TASK. Take the data below and write it out exactly, except for the pictures.
DATASET CONTENT section start
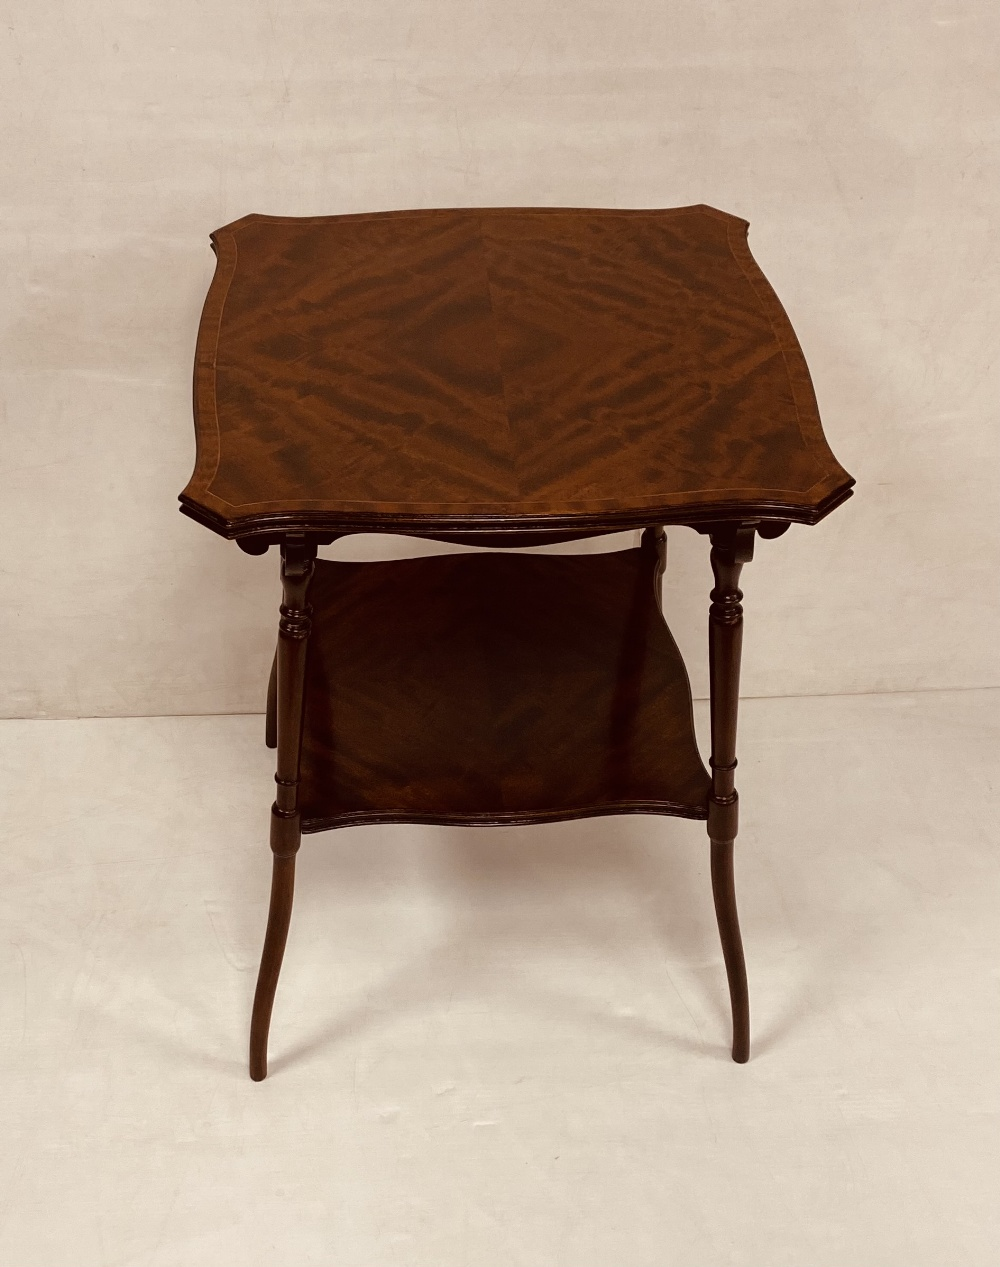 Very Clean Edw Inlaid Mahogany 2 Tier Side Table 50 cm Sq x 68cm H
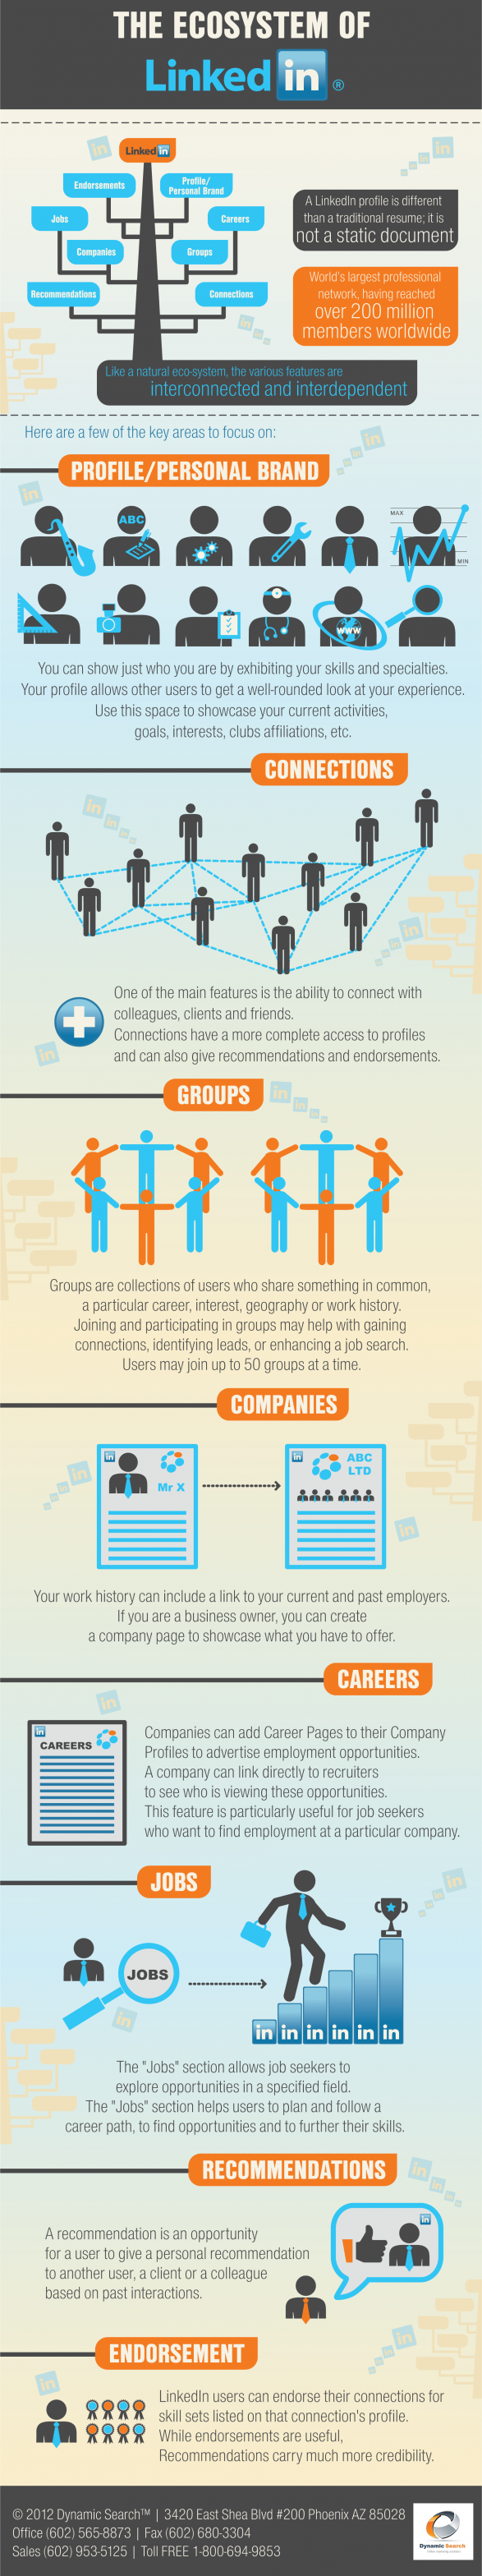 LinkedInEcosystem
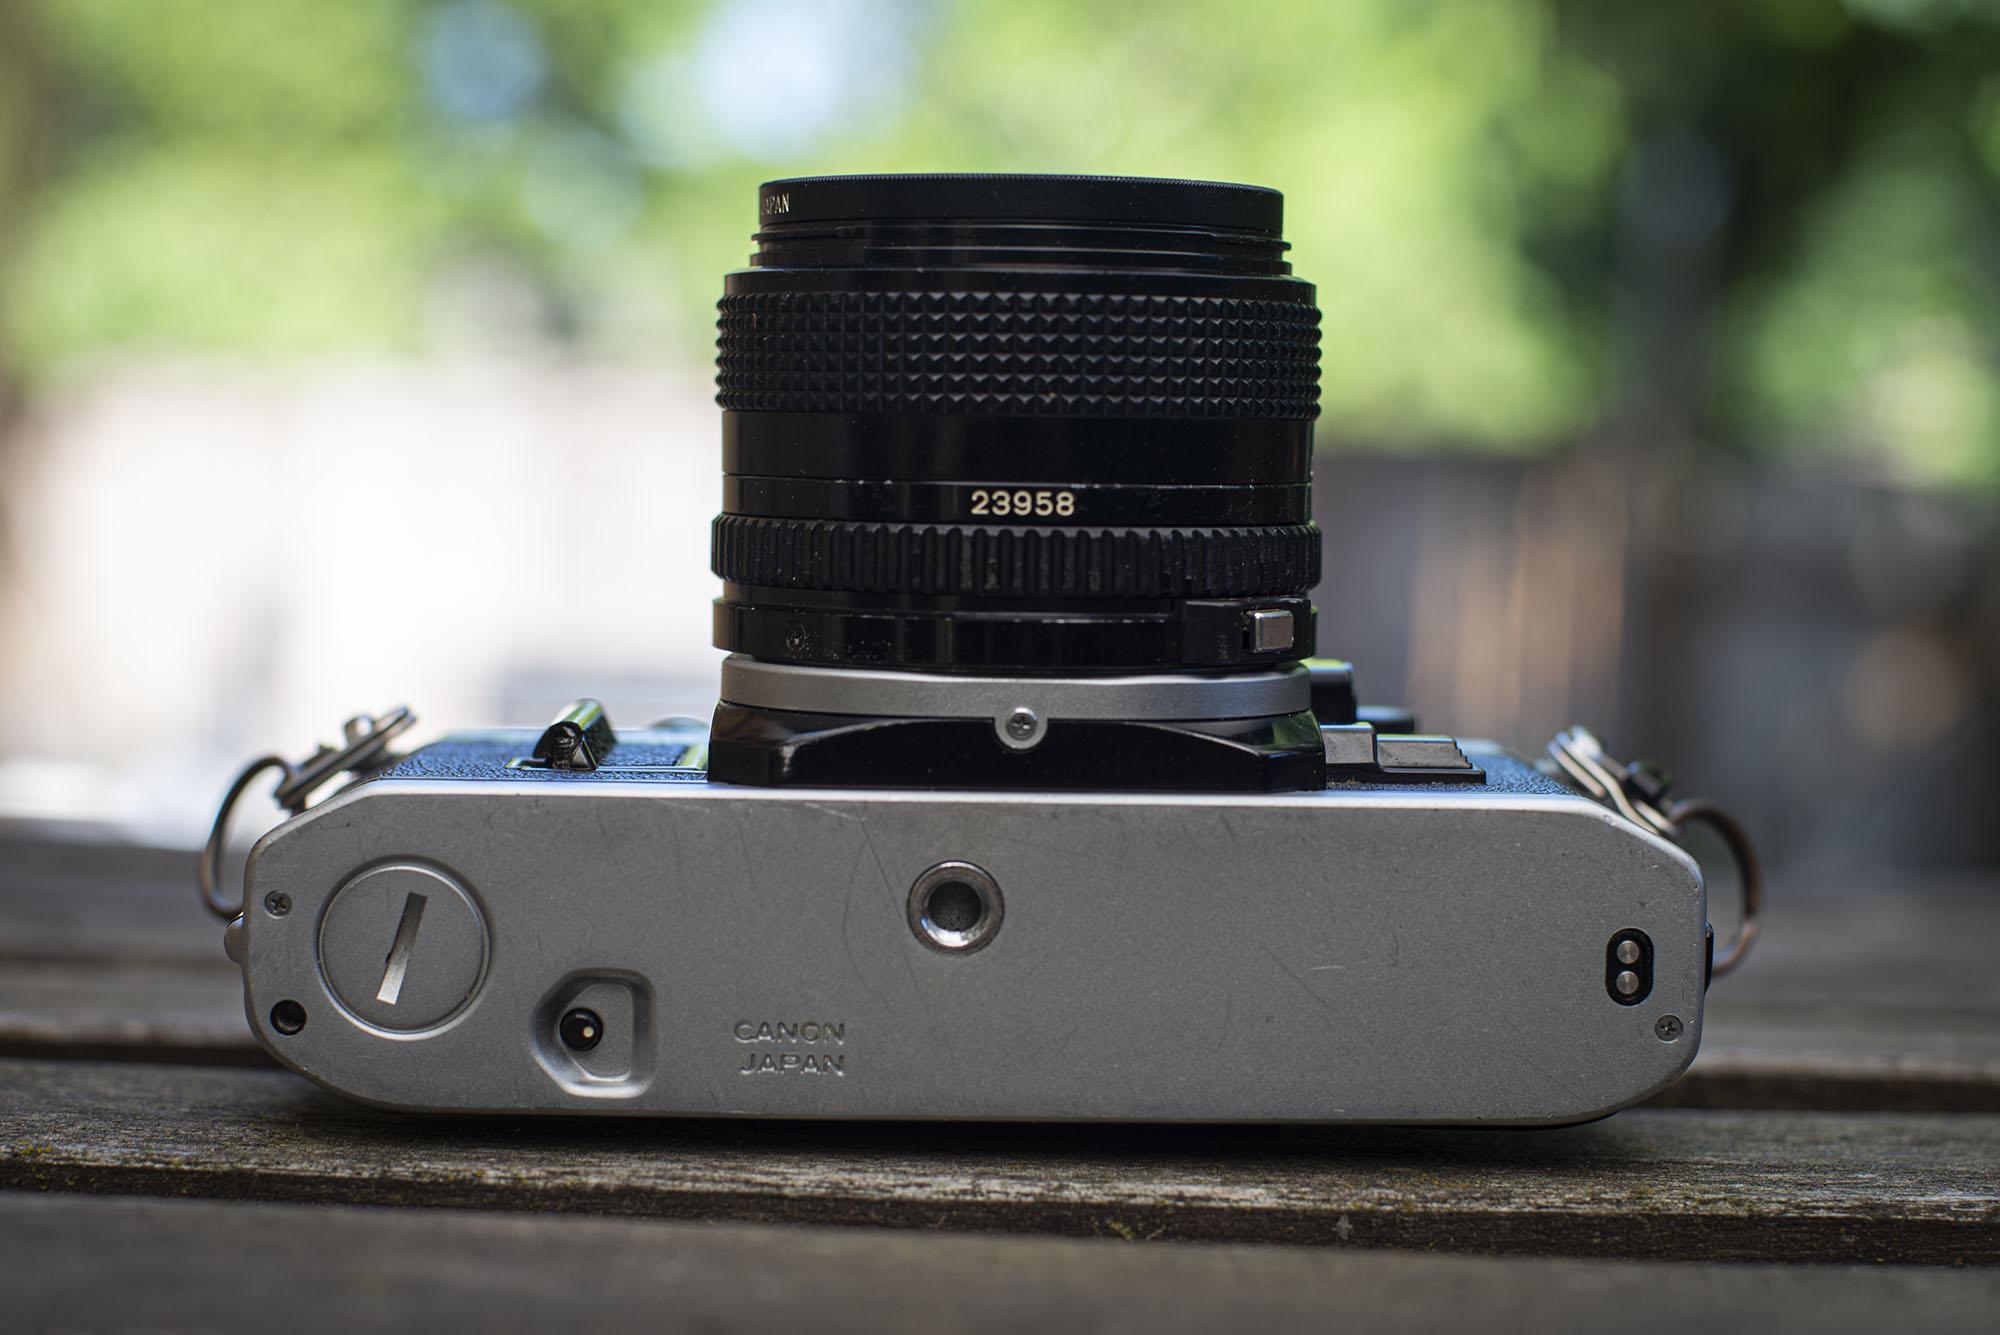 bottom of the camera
DATASET CONTENT section end
TASK RESPONSE.
 Very Clean Edw Inlaid Mahogany 2 Tier Side Table 50 cm Sq x 68cm H
 LinkedInEcosystem
 bottom of the camera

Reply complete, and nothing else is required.